The kind of love Jihoon could never give, because he had been too busy chasing something else.

The proof had only grown since then. Behind the scene clips, the streams, the bets. Oner’s quiet caretaking, his instinct to notice the little things—how Hyeonjoon always needed to stretch before and after games, how he’d only have proper meals if he wasn’t eating alone, how his mood lifted when someone teased him at just the right time.

Jihoon had loved Hyeonjoon once. Still loved him, in ways he couldn’t peel away. But his love had been sharp, consuming, built on ambition and the need to prove himself. He had thought love meant running ahead, so Hyeonjoon would always have someone to follow.

Oner’s love was different. Softer. He didn’t run ahead. He stayed beside him, matched him step for step – steady and sure.

And it was that love—the right love—that Hyeonjoon had chosen now.

 


 

Post LCK Finals, 2025

The van jolted over a bump, snapping Jihoon back. His teammates were still laughing, the trophy wedged between seats like an afterthought. Jihoon lifted his phone again. His thumb hovered.

 

Hyung, I miss you.

 

He stared until the words blurred, then deleted them. Again. Always.

The night passed, texts went unanswered, and Jihoon lay awake long after his teammates had fallen asleep. His medals and trophies glinted faintly in the moonlight spilling through the curtains.

All the proof of his greatness, laid out for the world to see.

But none of it filled the space that Hyeonjoon had left.

 


 

Worlds, 2025

The Worlds stage was brighter than anything else. Beijing, packed with roaring fans, banners waving in every corner of the arena.
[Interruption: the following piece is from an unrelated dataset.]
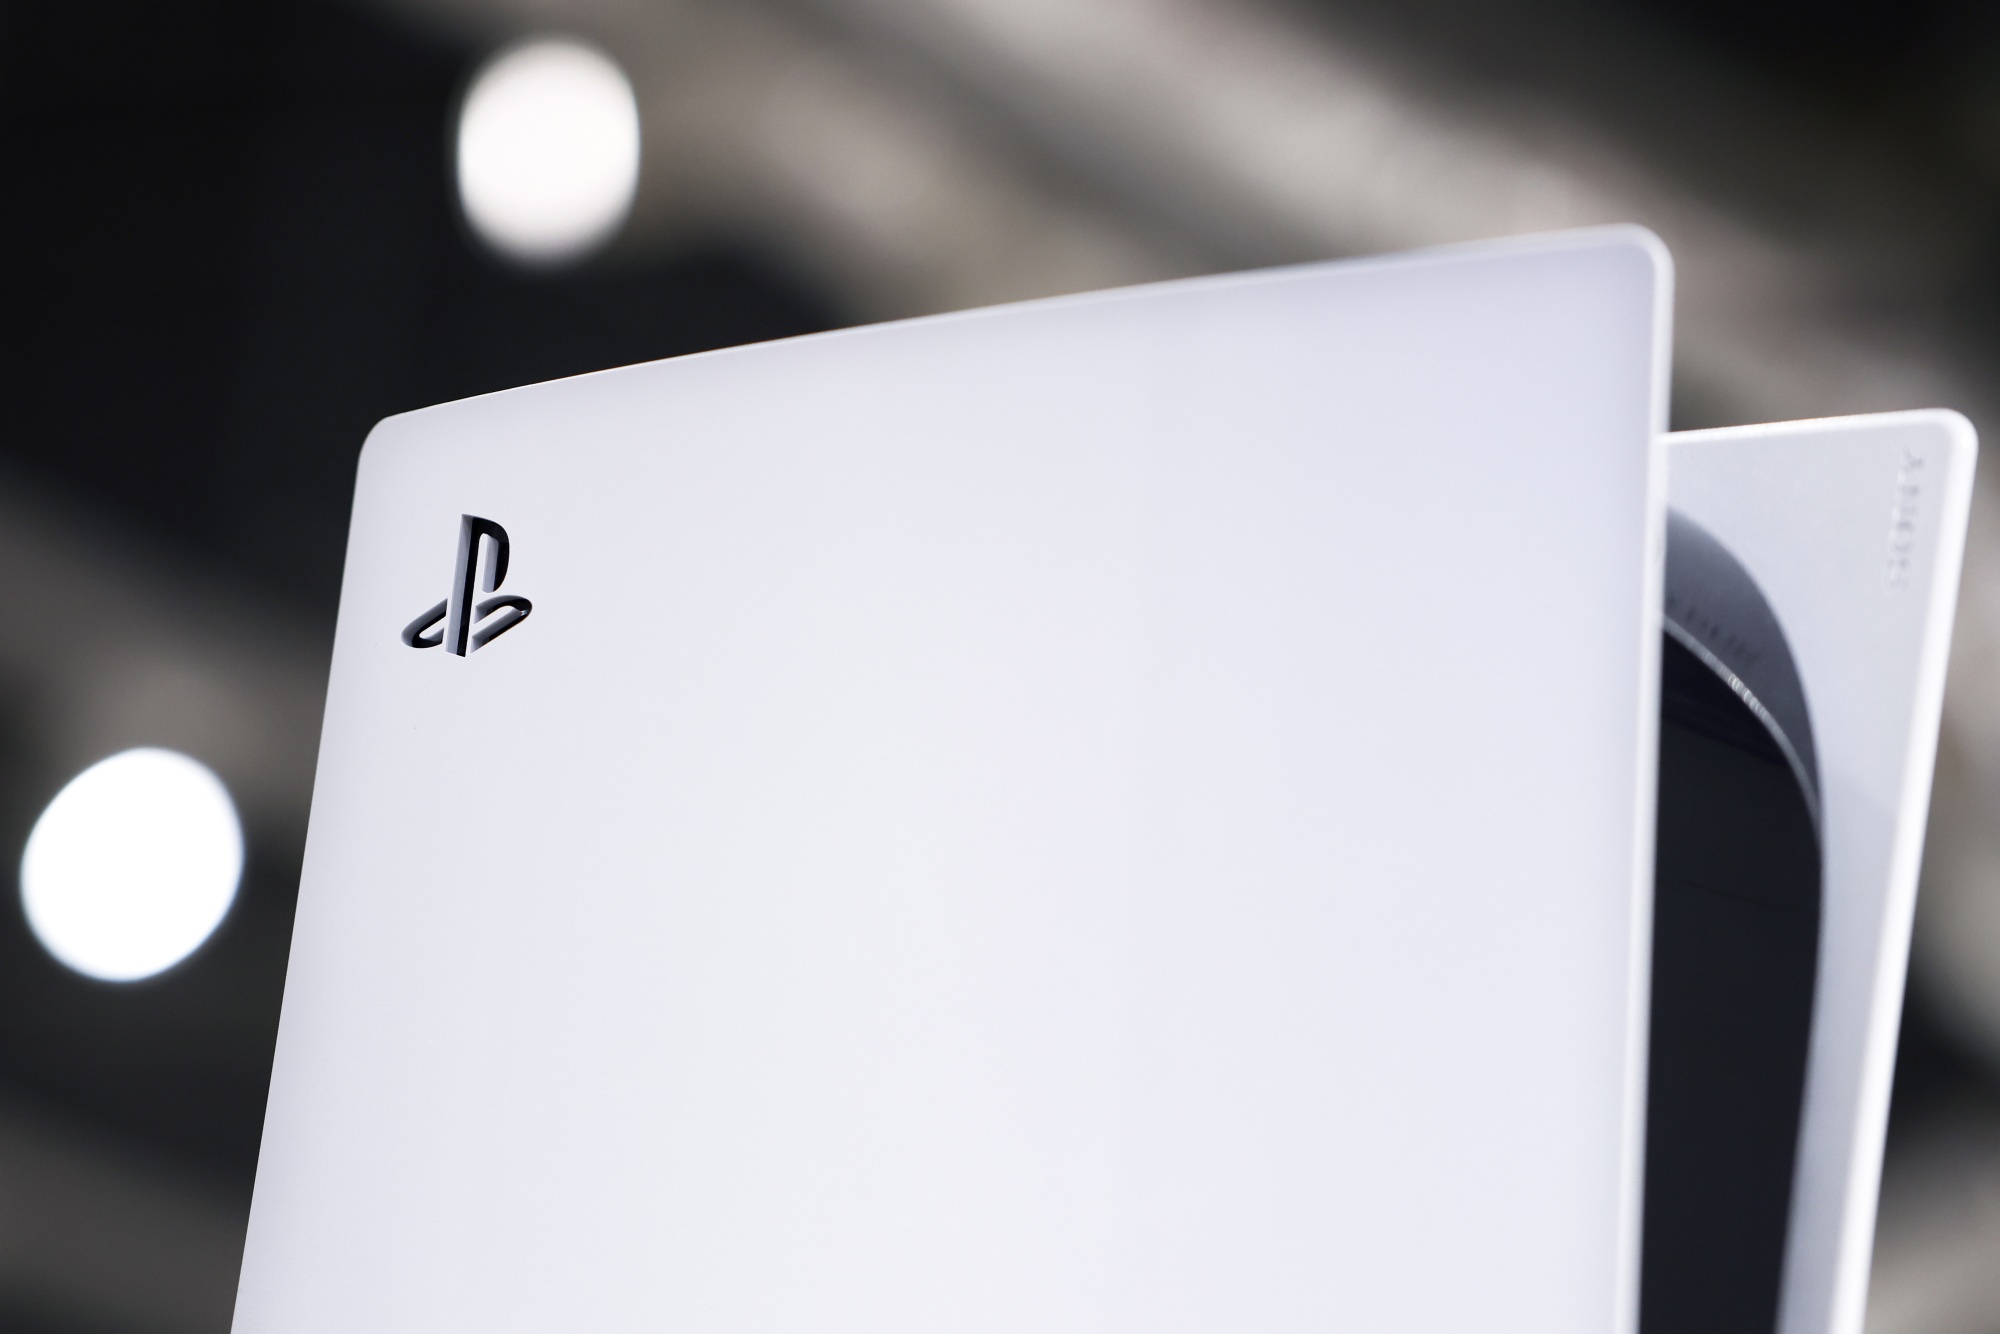 PlayStation 5 Drops Its Price for the First Time

Gen G stood in the tunnel, jerseys crisp, nerves hidden beneath years of discipline.

Jihoon rolled his shoulders, exhaled slowly, and fixed his face into the calm, determined expression the world expected. Cameras followed every step. Millions watched from every corner of the globe.

The casters’ voices thundered as they walked out

 

“And now… Korea’s first seed—Gen G, your 2025 LCK Champions, looking to claim their final trophy this year!”

 

The crowd screamed. The lights blazed. The music swelled.
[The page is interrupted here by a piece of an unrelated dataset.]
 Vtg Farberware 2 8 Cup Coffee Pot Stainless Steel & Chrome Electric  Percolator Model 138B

Jihoon smiled as he waved, soaking in the sound, the validation, the glory. He was exactly where he had always wanted to be.
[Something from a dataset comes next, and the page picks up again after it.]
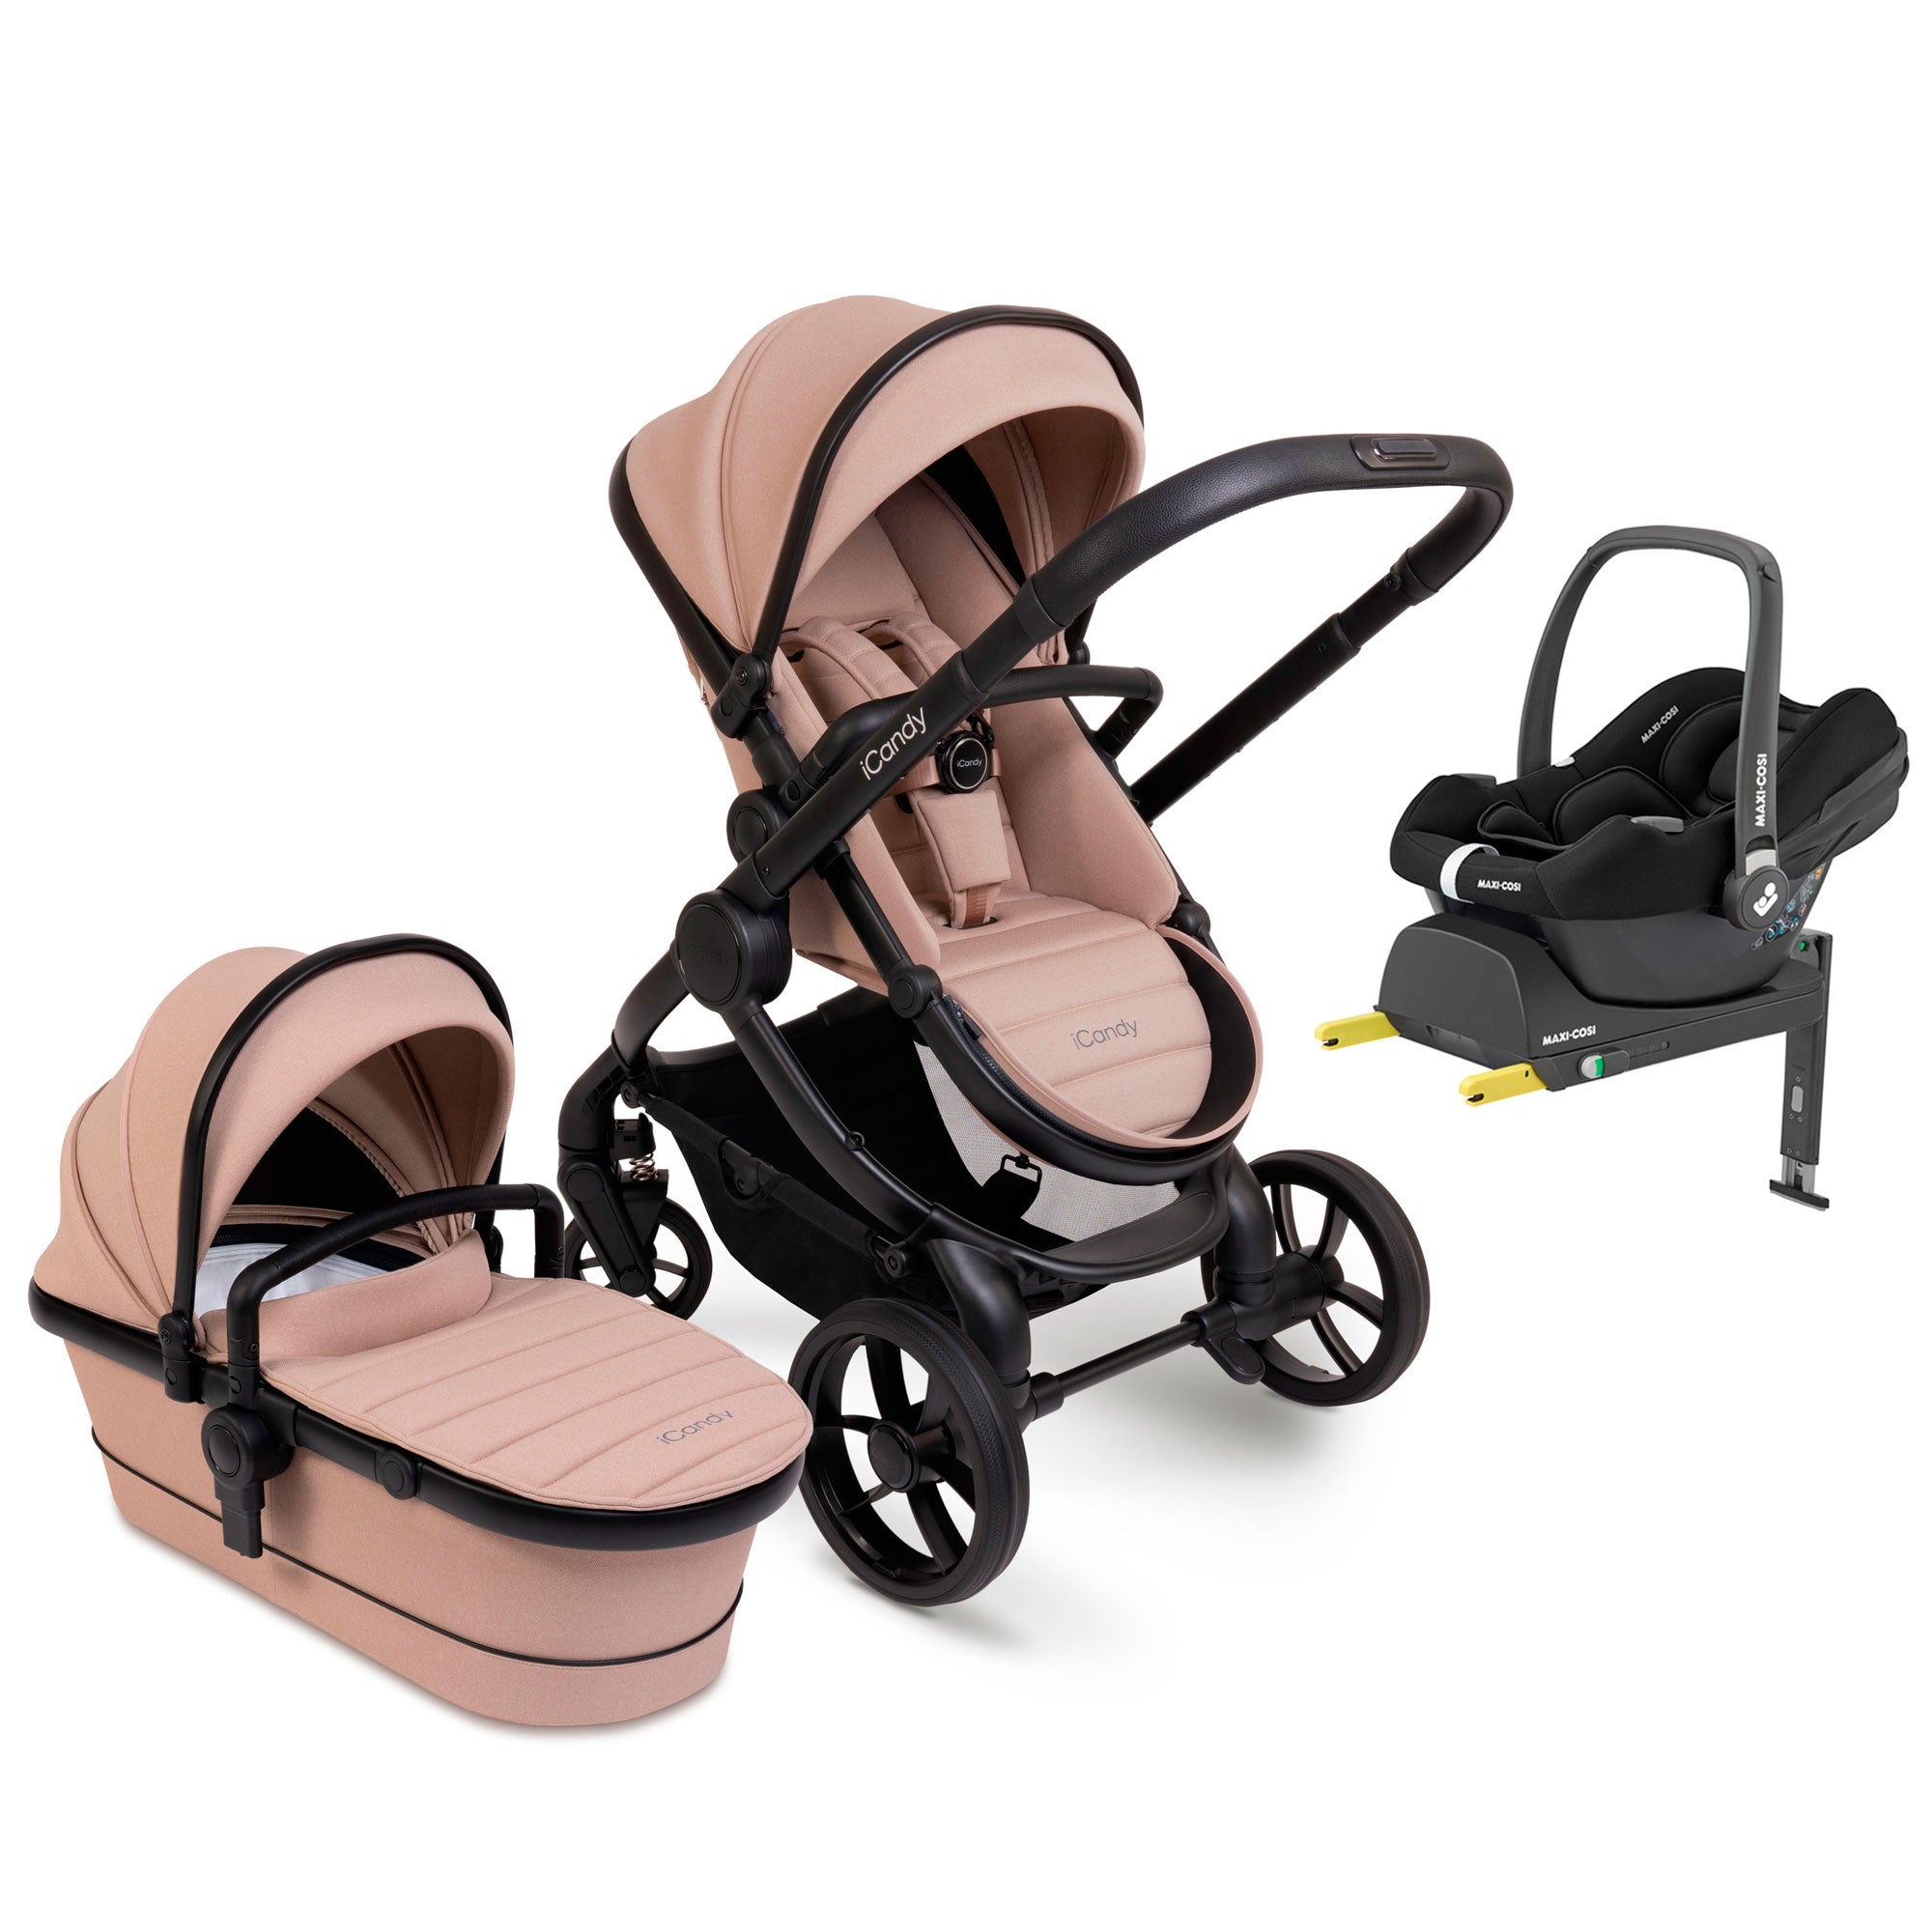 iCandy Peach 7 Maxi-Cosi Combo Set in Cookie

And yet, beneath the roar, his heart whispered only one thought.

 

Hyeonjoon-hyung, are you watching? Just one last time, I hope you think of me.

 

It was the last thing he had left to ask for. And maybe, just maybe, it was enough.

Jihoon took his seat, headset sliding on, monitors flaring bright before him. The countdown began. Across the stage, across the years, across all the choices that had led him here, he imagined Hyeonjoon’s eyes watching him.

The stage lights blazed. The tournament has officially begun.

And Jihoon.. no, Chovy.. had one last thing to prove.